- [What the exercise asks]: Give all of the data again exactly as written, omitting every image.

- [Exercise data]:
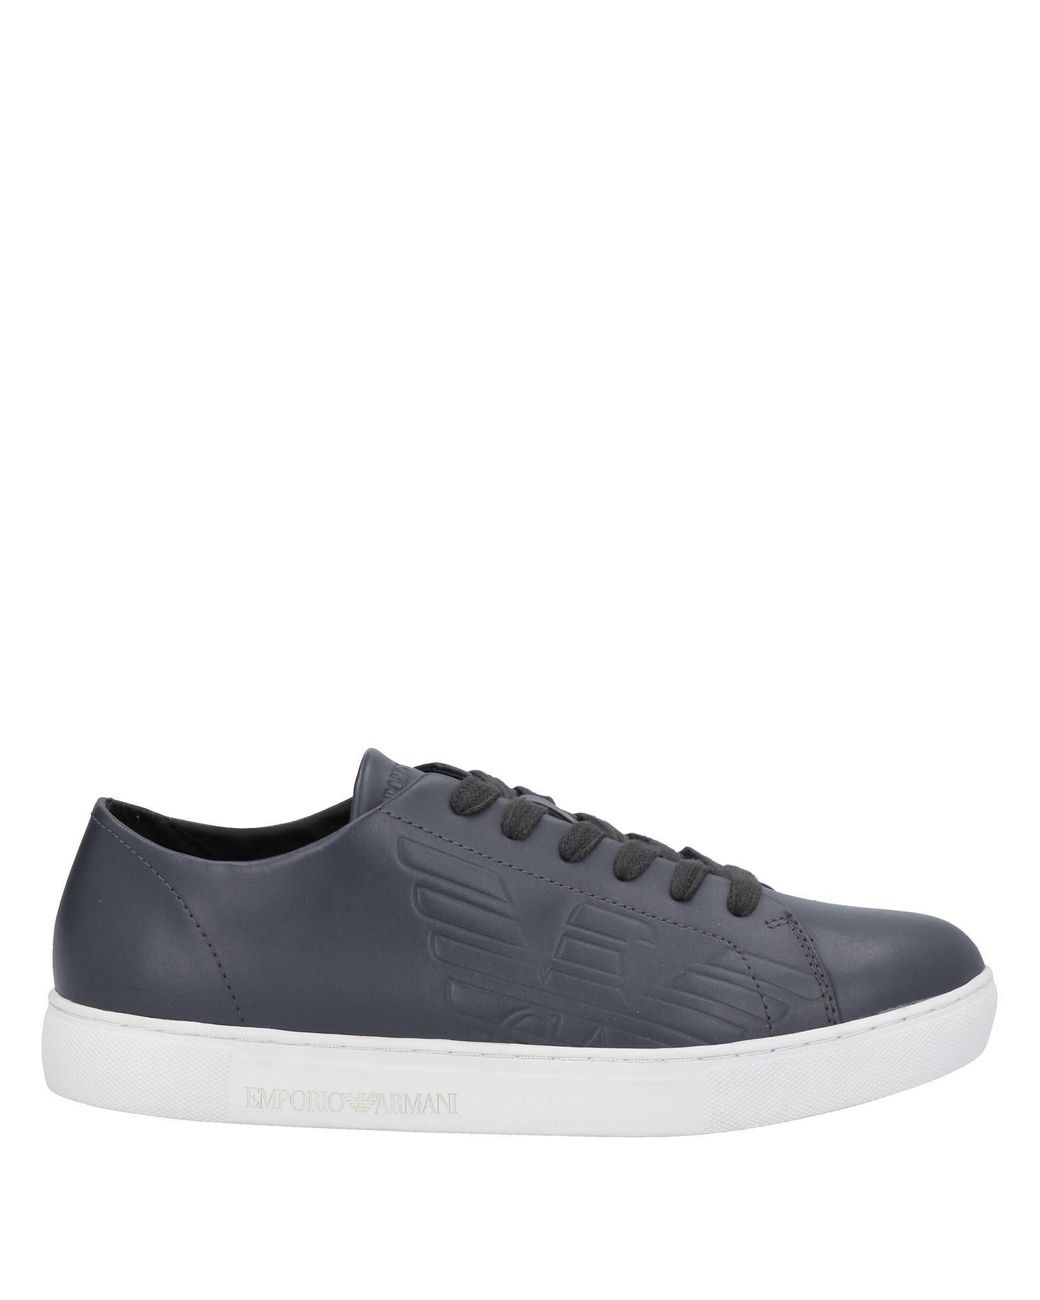 Emporio Armani Low-tops & Sneakers in Grey (Gray) for Men - Lyst
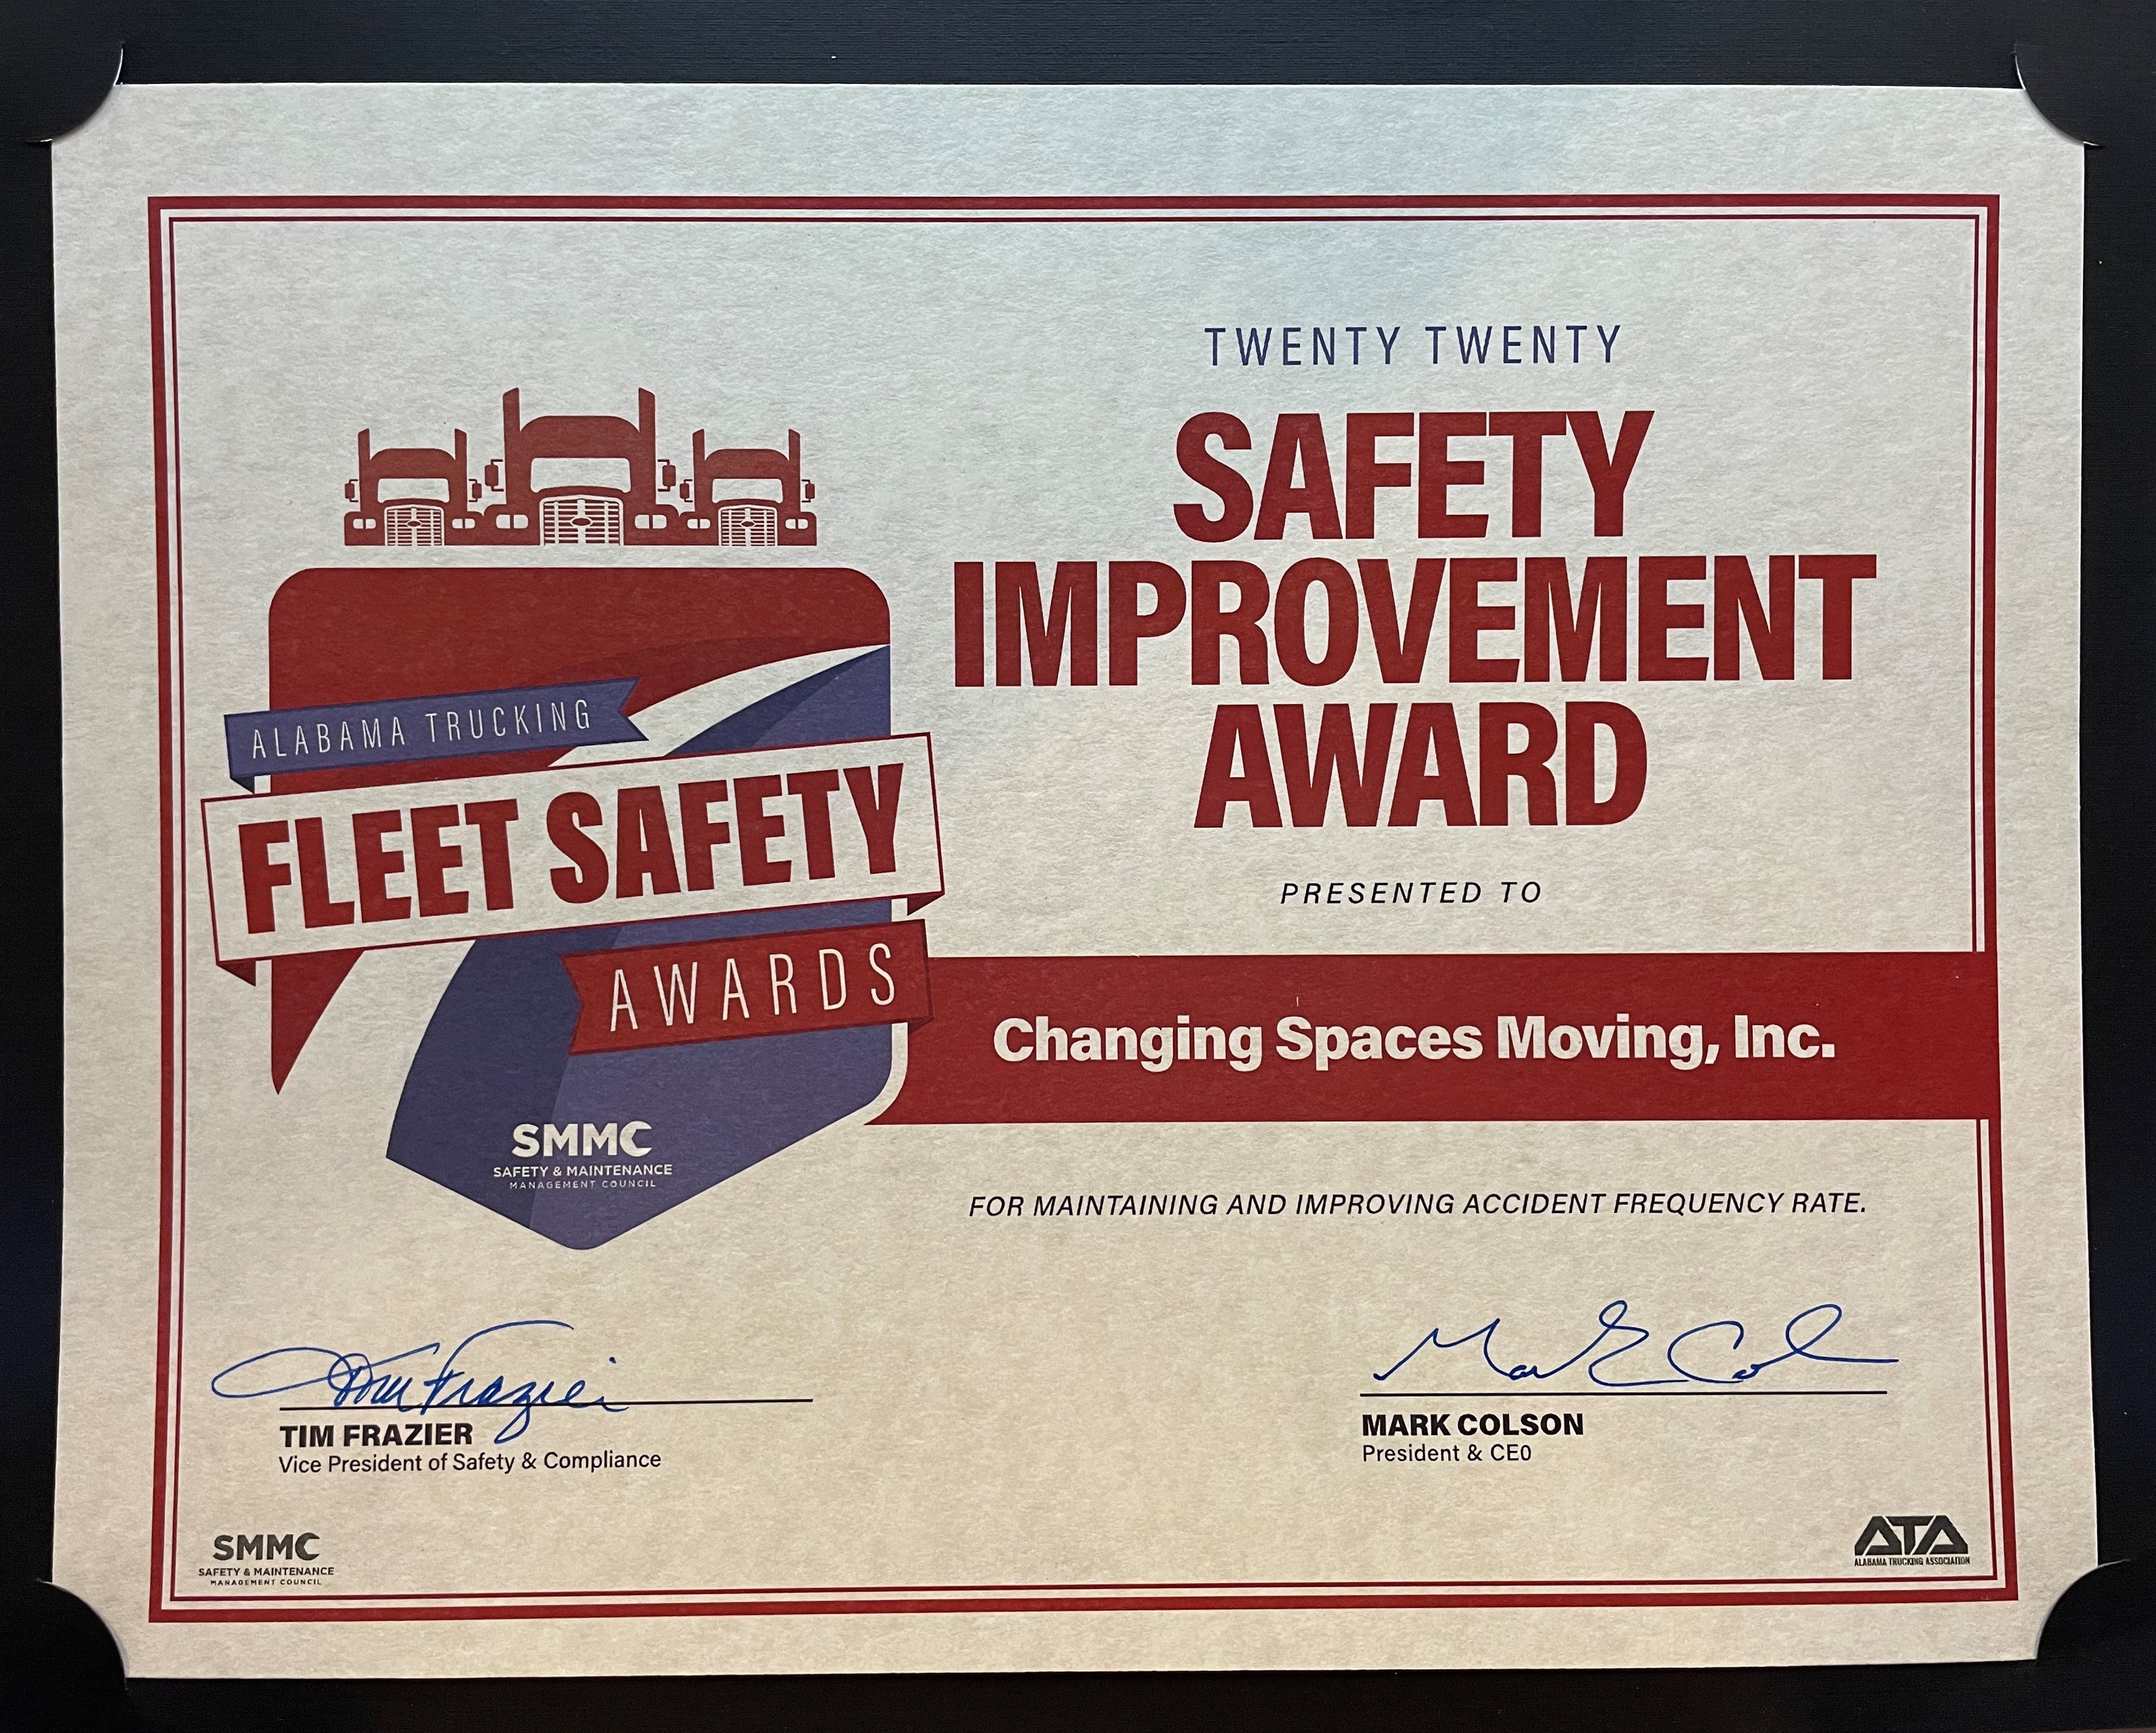 2020 safety improvement award from ata
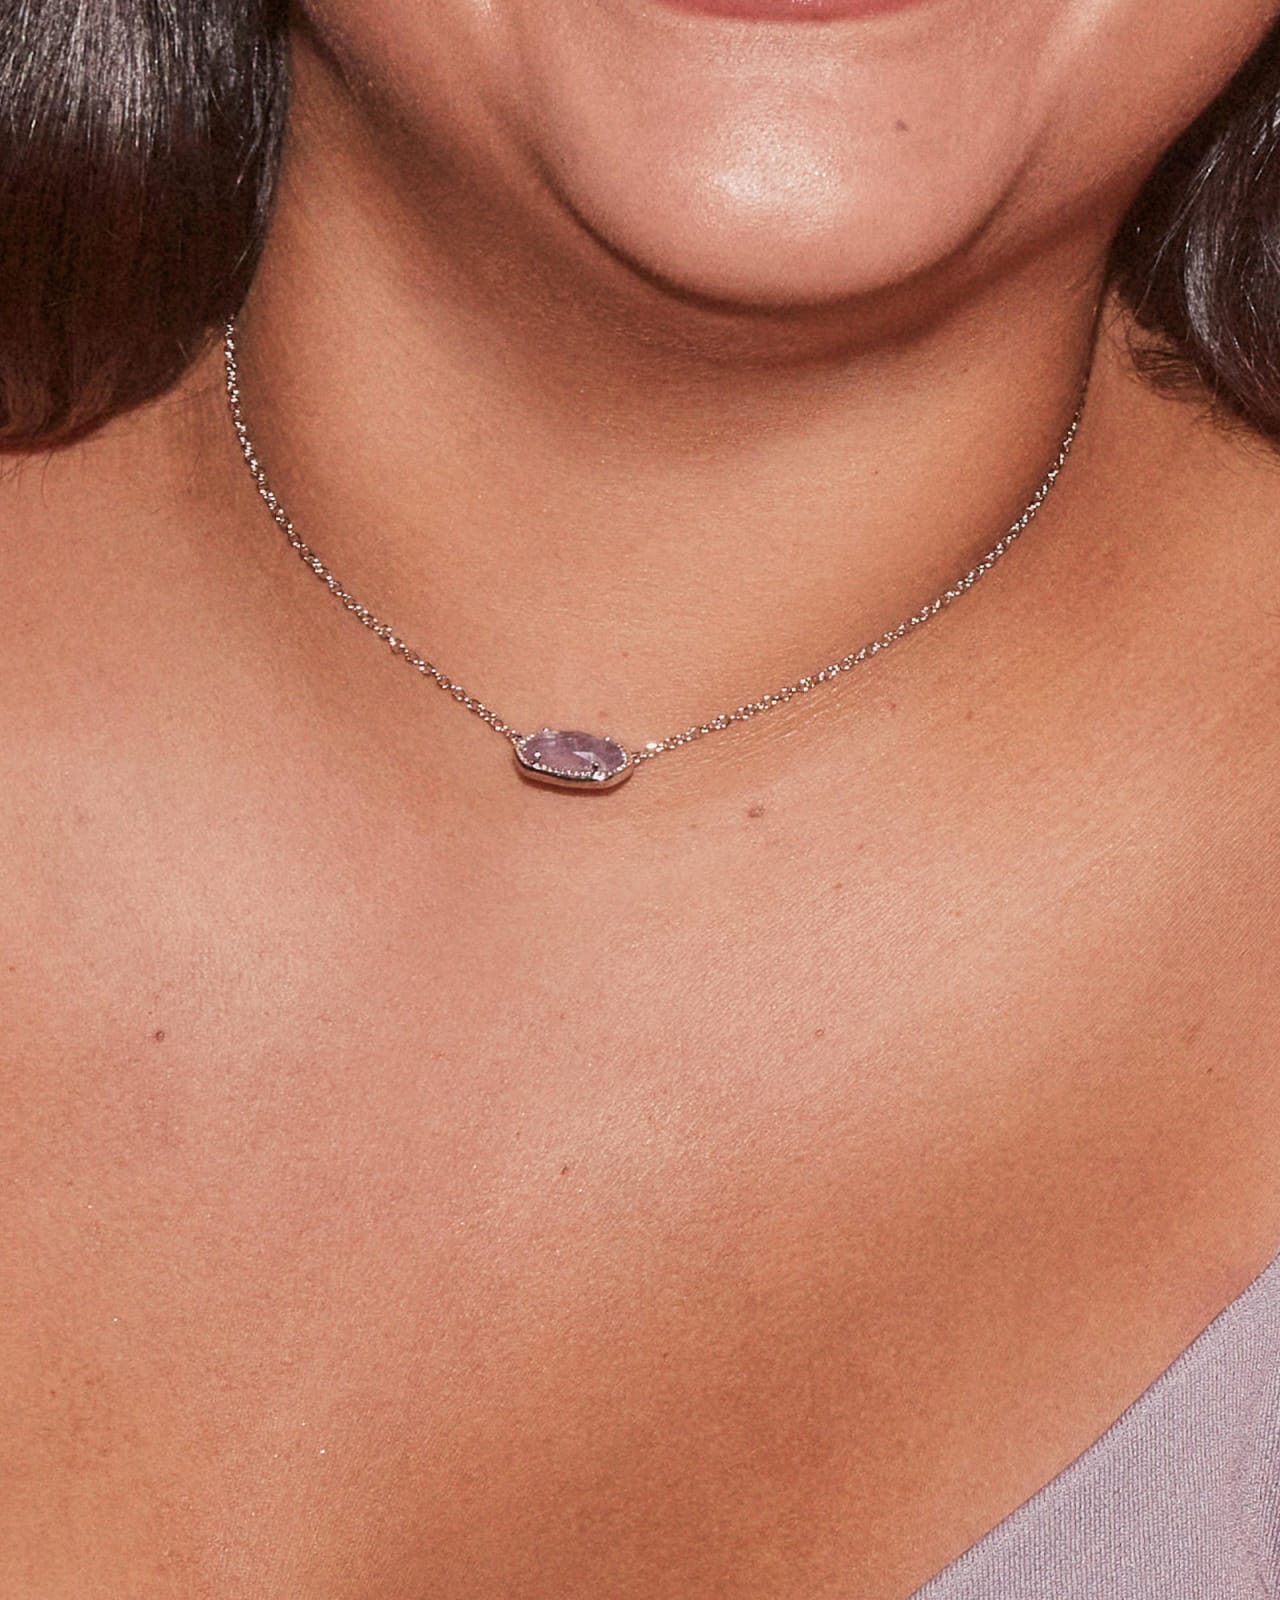 Elisa Silver Pendant Necklace in Amythyst

- [Response]:
 Emporio Armani Low-tops & Sneakers in Grey (Gray) for Men - Lyst
 2020 safety improvement award from ata
 Elisa Silver Pendant Necklace in Amythyst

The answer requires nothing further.